***
Eyden bersikap semakin manja, membuat Ellina tidak habis pikir dan kini dihadapan semua orang, Eyden sengaja menarik pinggang Ellina dan mengenalkan Ellina kepada mereka, dengan kata-kata yang sedikit menggelikan.
"Lihat ke arah sana Ratuku, mereka bilang akan memperindah air terjun kita."
"Eyden berhenti mengatakan sesuatu yang menggelikan," bisik Ellina tepat di telinga Eyden.
Pria itu hanya menarik kedua sudut bibirnya keatas, seakan tersentuh dengan ucapan Ellina. Padahal Ellina bukan sedang memujinya.
Menurut Eyden apa yang Ellina lakukan itu selalu menggemaskan dimatanya. Kadang Ellina yang suka heran sendiri gak paham dengan maksud Eyden.
"Malam ini, haruskah kita bercanda lagi?"
"Bercanda ... Maksudnya?" Tanya Ellina tidak paham.
"Iya, bercanda dan beraktivitas bersama. Para tetua selalu menanyakan kapan penerus kita hadir," ungkap Eyden.

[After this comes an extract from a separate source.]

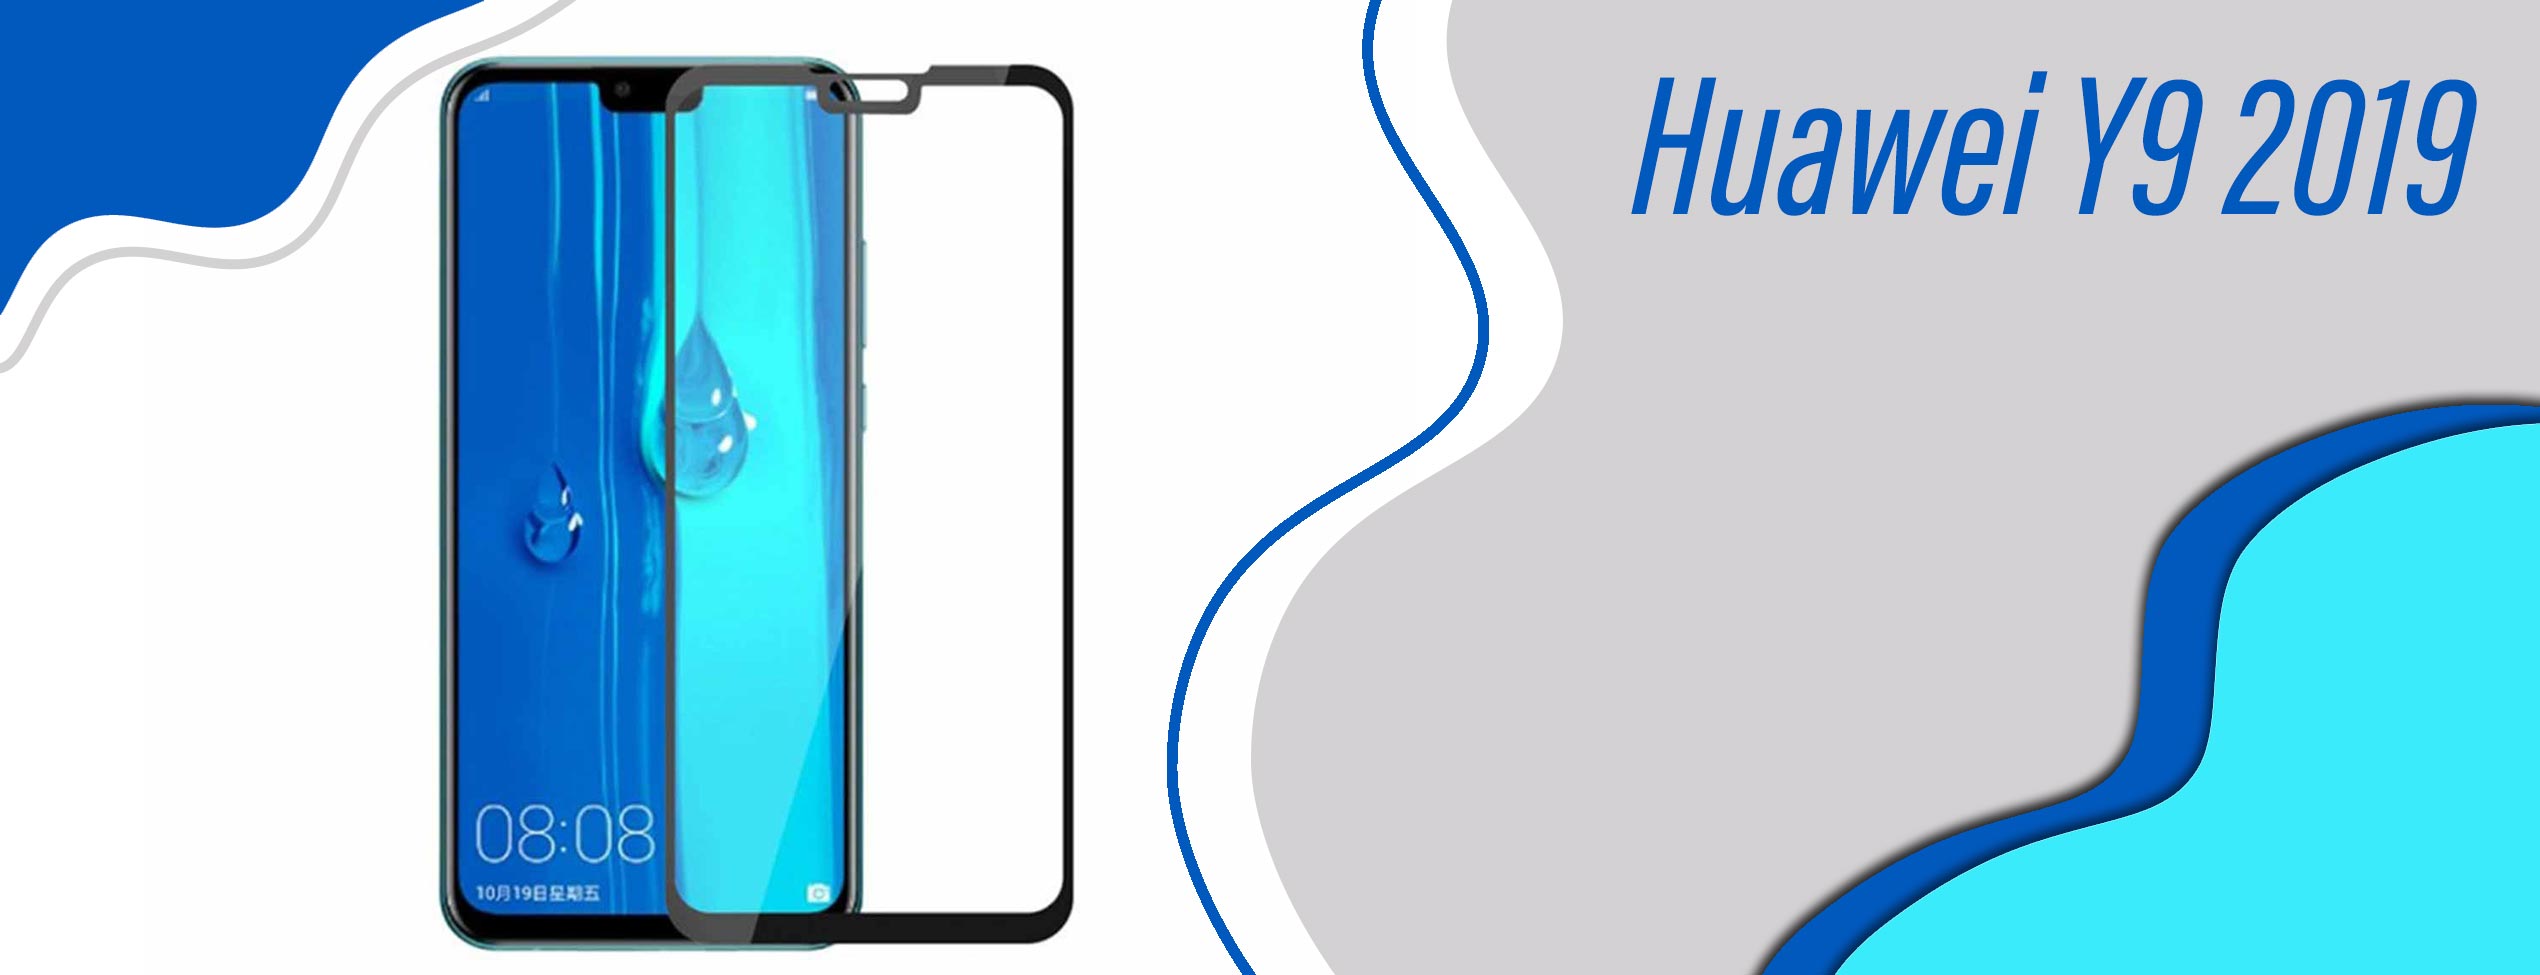 گلس فول تمام چسب موبایل هوآوی Huawei Y9 2019

Ellina menghela nafas, kenapa pria-pria tua itu tidak pernah mengerti kalau semua butuh waktu. Lagipula siapa yang mau mengandung anak Eyden. Perjalanan Ellina sebagai Aktris masih panjang.
Belum lagi dia harus menyingkirkan ibu tiri sialannya itu dari rumah. Sebelum Papanya berhasil menyerahkan warisan kepada orang yang salah.
"Kenapa diam?"
"Menurutmu putra dan putri kita akan seperti apa?"
"Kenapa kamu bertanya seolah-olah aku akan memberikan anak kepadamu?" Tanya Ellina dengan sarkasnya.
Eyden terkekeh, "aku yakin sebentar lagi dia hadir di sini. Sampai saat itu aku pastikan akan membuatnya banyak."
Ellina membulatkan matanya terkejut dengan ucapan Eyden. Ellina memilih untuk menghindar dengan alibi meminta tolong pada Eyve tentang sesuatu.
"Ada apa Ratu?"
"Tidak ada, aku hanya ingin buang air kecil saja."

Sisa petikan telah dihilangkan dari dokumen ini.